Reporter: Dea Chadiza Syafina |
JAKARTA. Sampai dengan Oktober lalu, Lembaga Penjamin Simpanan (LPS) telah menutup tiga bank perkreditan rakyat (BPR). Penutupan tersebut terkait masalah internal yang terjadi pada masing-masing bank.
Kepala Eksekutif Pengawas Perbankan Otoritas Jasa Keuangan (OJK) Nelson Tampubolon bilang, alasan di balik tidak baiknya penerapan good corporate governance (GCG) di BPR umumnya dikarenakan terlalu banyak keterlibatan pemilik dalam kepengurusan bank tersebut. Karena itu, menurut Nelson, perlu adanya pembenahan dari campur tangan pemilik bank dalam industri perbankan.
"Dulu sebelumnya di perbankan umum juga terjadi dan dibenahi. Harus dibenahi dulu campur tangan pemilik yang terlalu banyak dalam industri. Kami akan coba tingkatkan profesionalisme pengelola BPR," ujar Nelson di Jakarta, Selasa (19/11).
Peningkatan profesionalitas pengelolaan BPR ini, kata Nelson dilakukan dengan cara sertifikasi. Selain itu dilakukan dialog dengan otoritas seperti Perhimpunan Bank Perkreditan Rakyat Indonesia (Perbarindo).
Meski begitu, OJK tidak akan merampingkan jumlah BPR. Sebab, OJK tidak mengatur regulasi mengenai hal tersebut. Pihaknya hanya akan mengatur dari sisi persuasi saja, yaitu BPR yang memiliki modal terlalu minim akan diimbau oleh OJK untuk mencari tambahan modal.
"Modalnya bisa berasal dari investor baru atau melakukan merger dengan yang BPR lain.
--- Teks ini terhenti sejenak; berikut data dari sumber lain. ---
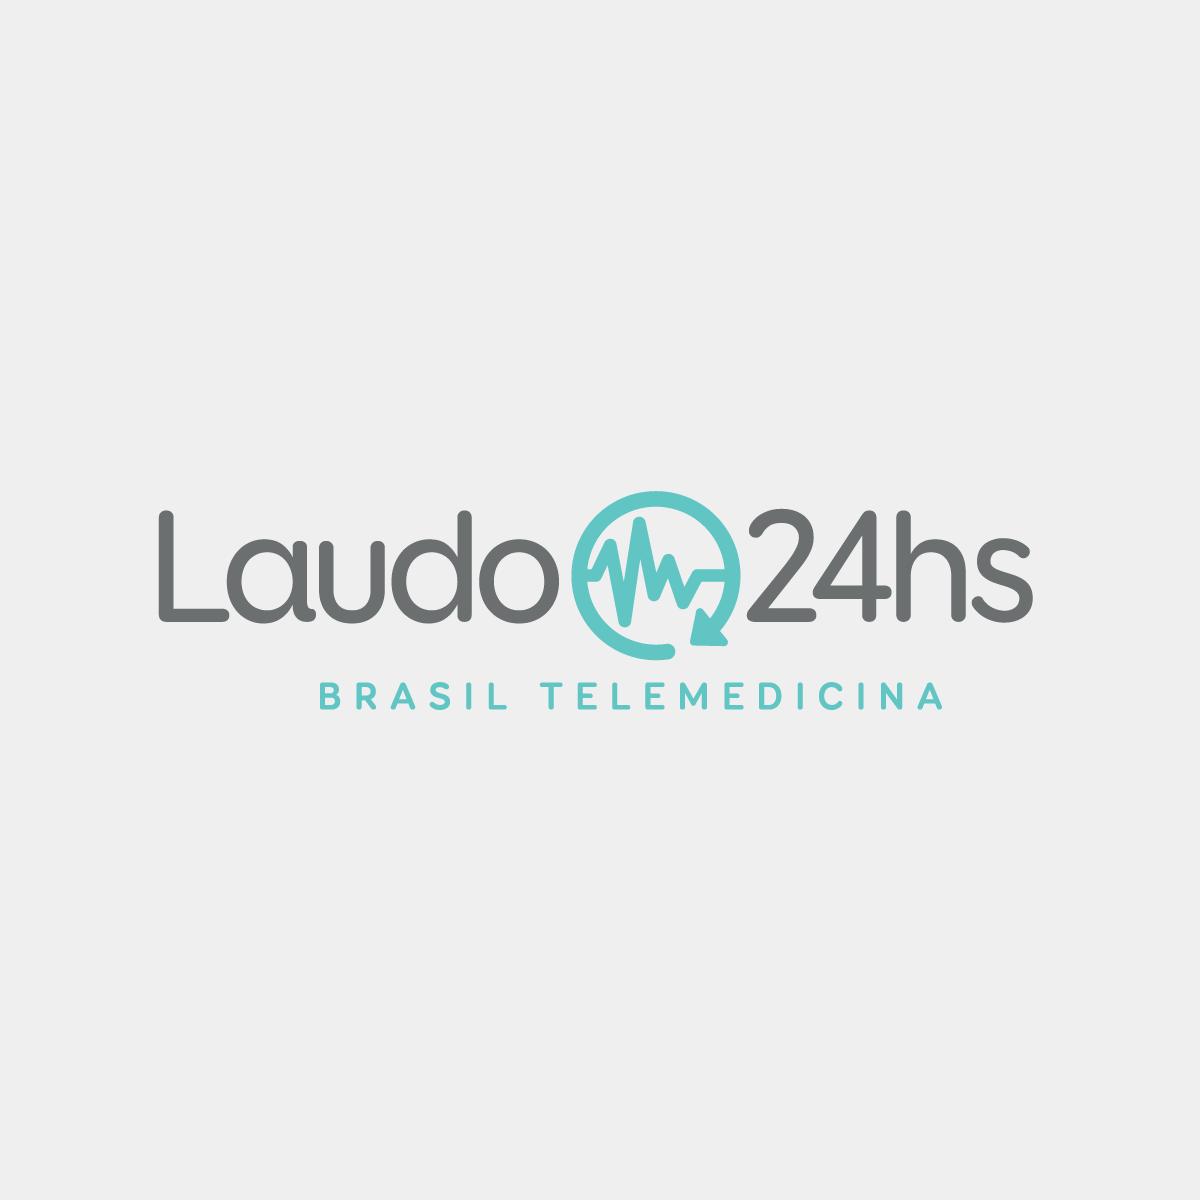 https://brasiltelemedicina.com.br/wp-content/uploads/2016/07/Website_Prosutos_Laudo24hs-1200x1200.png
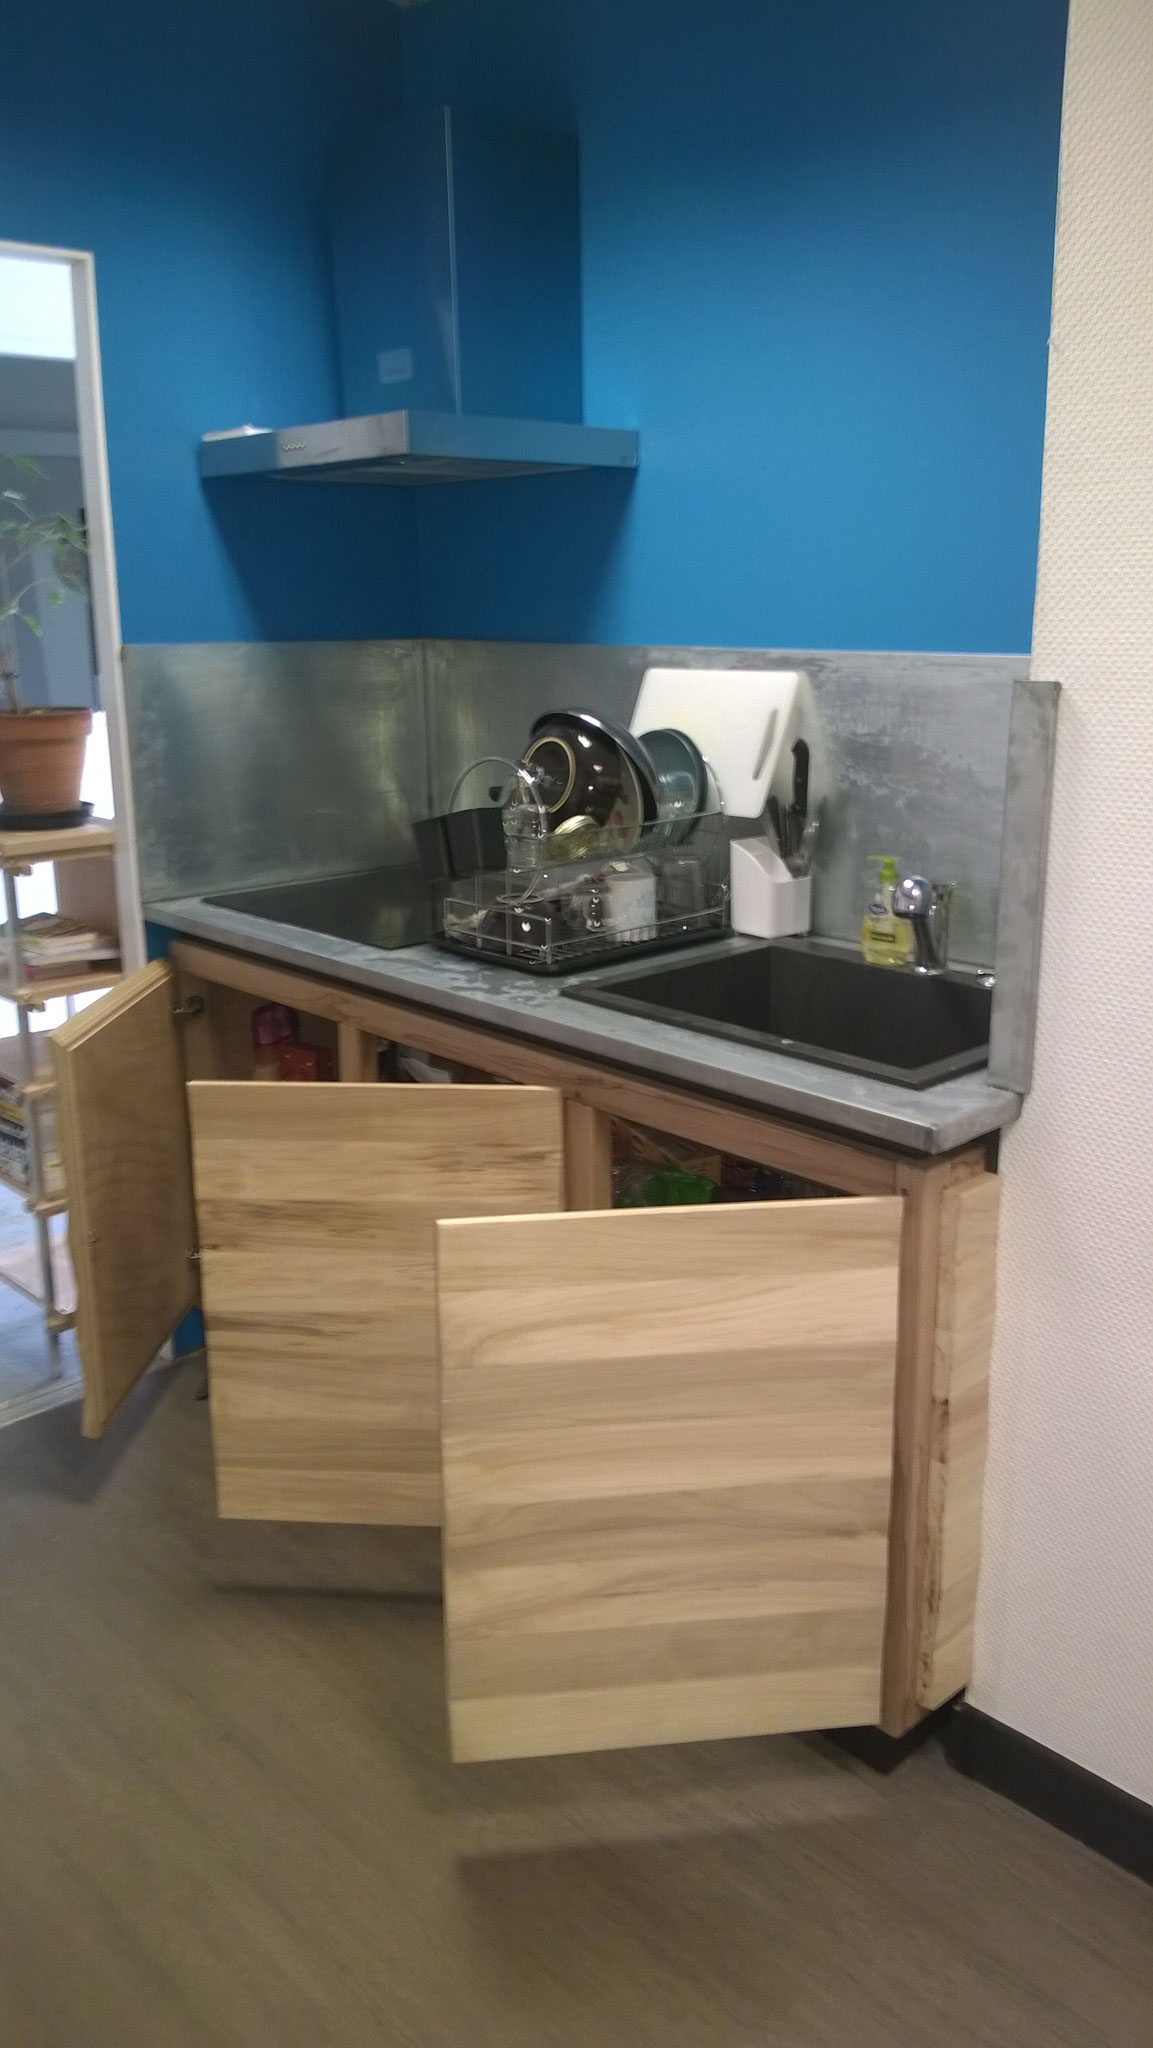 Meuble cuisine design bois, zinc

Tapi memang faktor modal jadi faktor penting perkembangan BPR," ujar Nelson.
Selain itu, OJK akan melakukan pengawasan terhadap BPR, berupa penguatan regulasi dan juga pengetatan pengawasan. "Kami akan mendorong agar BPR lebih governance, bagaimana kelola industri lebih baik, aturan prudent diikuti lebih baik, kemudian akan kami coba bagaimana BPR diperkuat permodalannya. Sehingga tidak ada lagi kejadian penutupan BPR," jelas Nelson.